Your objective
Return the full listing, so that each line matches the original exactly.

Records supplied
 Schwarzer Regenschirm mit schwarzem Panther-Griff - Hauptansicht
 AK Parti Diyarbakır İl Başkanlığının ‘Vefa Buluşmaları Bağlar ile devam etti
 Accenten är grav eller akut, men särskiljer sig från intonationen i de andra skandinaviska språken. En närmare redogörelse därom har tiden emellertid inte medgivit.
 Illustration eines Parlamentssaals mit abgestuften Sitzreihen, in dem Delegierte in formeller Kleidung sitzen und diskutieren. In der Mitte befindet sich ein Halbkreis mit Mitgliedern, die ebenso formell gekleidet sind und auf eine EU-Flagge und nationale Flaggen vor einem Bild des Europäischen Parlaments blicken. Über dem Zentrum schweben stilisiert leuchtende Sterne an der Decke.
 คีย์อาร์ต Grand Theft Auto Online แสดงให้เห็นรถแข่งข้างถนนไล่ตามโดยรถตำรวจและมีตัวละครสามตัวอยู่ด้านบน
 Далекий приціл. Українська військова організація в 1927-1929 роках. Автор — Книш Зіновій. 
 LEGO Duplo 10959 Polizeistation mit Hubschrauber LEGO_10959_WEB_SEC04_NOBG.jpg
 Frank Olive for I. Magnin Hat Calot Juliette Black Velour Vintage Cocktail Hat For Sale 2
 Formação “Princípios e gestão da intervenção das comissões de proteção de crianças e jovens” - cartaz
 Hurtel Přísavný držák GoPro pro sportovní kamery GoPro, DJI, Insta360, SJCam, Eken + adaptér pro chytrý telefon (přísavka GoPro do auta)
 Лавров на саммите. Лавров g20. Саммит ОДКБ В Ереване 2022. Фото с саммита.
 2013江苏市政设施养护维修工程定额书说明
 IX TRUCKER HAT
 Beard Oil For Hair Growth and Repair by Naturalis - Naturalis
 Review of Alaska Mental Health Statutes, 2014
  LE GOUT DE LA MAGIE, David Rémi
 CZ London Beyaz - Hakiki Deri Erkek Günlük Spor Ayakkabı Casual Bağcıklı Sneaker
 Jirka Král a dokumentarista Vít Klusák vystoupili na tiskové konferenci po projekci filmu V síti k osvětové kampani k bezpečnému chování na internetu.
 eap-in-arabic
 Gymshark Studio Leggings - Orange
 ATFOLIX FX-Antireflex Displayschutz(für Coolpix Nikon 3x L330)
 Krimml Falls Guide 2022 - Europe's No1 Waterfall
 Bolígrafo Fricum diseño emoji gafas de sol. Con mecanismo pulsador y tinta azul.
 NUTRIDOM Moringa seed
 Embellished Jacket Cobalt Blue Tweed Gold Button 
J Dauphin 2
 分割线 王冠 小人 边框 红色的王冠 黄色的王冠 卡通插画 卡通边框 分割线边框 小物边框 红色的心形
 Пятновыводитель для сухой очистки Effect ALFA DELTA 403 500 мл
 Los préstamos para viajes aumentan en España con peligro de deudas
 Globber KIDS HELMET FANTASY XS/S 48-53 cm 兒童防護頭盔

Result of the exercise
 Schwarzer Regenschirm mit schwarzem Panther-Griff - Hauptansicht
 AK Parti Diyarbakır İl Başkanlığının ‘Vefa Buluşmaları Bağlar ile devam etti
 Accenten är grav eller akut, men särskiljer sig från intonationen i de andra skandinaviska språken. En närmare redogörelse därom har tiden emellertid inte medgivit.
 Illustration eines Parlamentssaals mit abgestuften Sitzreihen, in dem Delegierte in formeller Kleidung sitzen und diskutieren. In der Mitte befindet sich ein Halbkreis mit Mitgliedern, die ebenso formell gekleidet sind und auf eine EU-Flagge und nationale Flaggen vor einem Bild des Europäischen Parlaments blicken. Über dem Zentrum schweben stilisiert leuchtende Sterne an der Decke.
 คีย์อาร์ต Grand Theft Auto Online แสดงให้เห็นรถแข่งข้างถนนไล่ตามโดยรถตำรวจและมีตัวละครสามตัวอยู่ด้านบน
 Далекий приціл. Українська військова організація в 1927-1929 роках. Автор — Книш Зіновій. 
 LEGO Duplo 10959 Polizeistation mit Hubschrauber LEGO_10959_WEB_SEC04_NOBG.jpg
 Frank Olive for I. Magnin Hat Calot Juliette Black Velour Vintage Cocktail Hat For Sale 2
 Formação “Princípios e gestão da intervenção das comissões de proteção de crianças e jovens” - cartaz
 Hurtel Přísavný držák GoPro pro sportovní kamery GoPro, DJI, Insta360, SJCam, Eken + adaptér pro chytrý telefon (přísavka GoPro do auta)
 Лавров на саммите. Лавров g20. Саммит ОДКБ В Ереване 2022. Фото с саммита.
 2013江苏市政设施养护维修工程定额书说明
 IX TRUCKER HAT
 Beard Oil For Hair Growth and Repair by Naturalis - Naturalis
 Review of Alaska Mental Health Statutes, 2014
  LE GOUT DE LA MAGIE, David Rémi
 CZ London Beyaz - Hakiki Deri Erkek Günlük Spor Ayakkabı Casual Bağcıklı Sneaker
 Jirka Král a dokumentarista Vít Klusák vystoupili na tiskové konferenci po projekci filmu V síti k osvětové kampani k bezpečnému chování na internetu.
 eap-in-arabic
 Gymshark Studio Leggings - Orange
 ATFOLIX FX-Antireflex Displayschutz(für Coolpix Nikon 3x L330)
 Krimml Falls Guide 2022 - Europe's No1 Waterfall
 Bolígrafo Fricum diseño emoji gafas de sol. Con mecanismo pulsador y tinta azul.
 NUTRIDOM Moringa seed
 Embellished Jacket Cobalt Blue Tweed Gold Button 
J Dauphin 2
 分割线 王冠 小人 边框 红色的王冠 黄色的王冠 卡通插画 卡通边框 分割线边框 小物边框 红色的心形
 Пятновыводитель для сухой очистки Effect ALFA DELTA 403 500 мл
 Los préstamos para viajes aumentan en España con peligro de deudas
 Globber KIDS HELMET FANTASY XS/S 48-53 cm 兒童防護頭盔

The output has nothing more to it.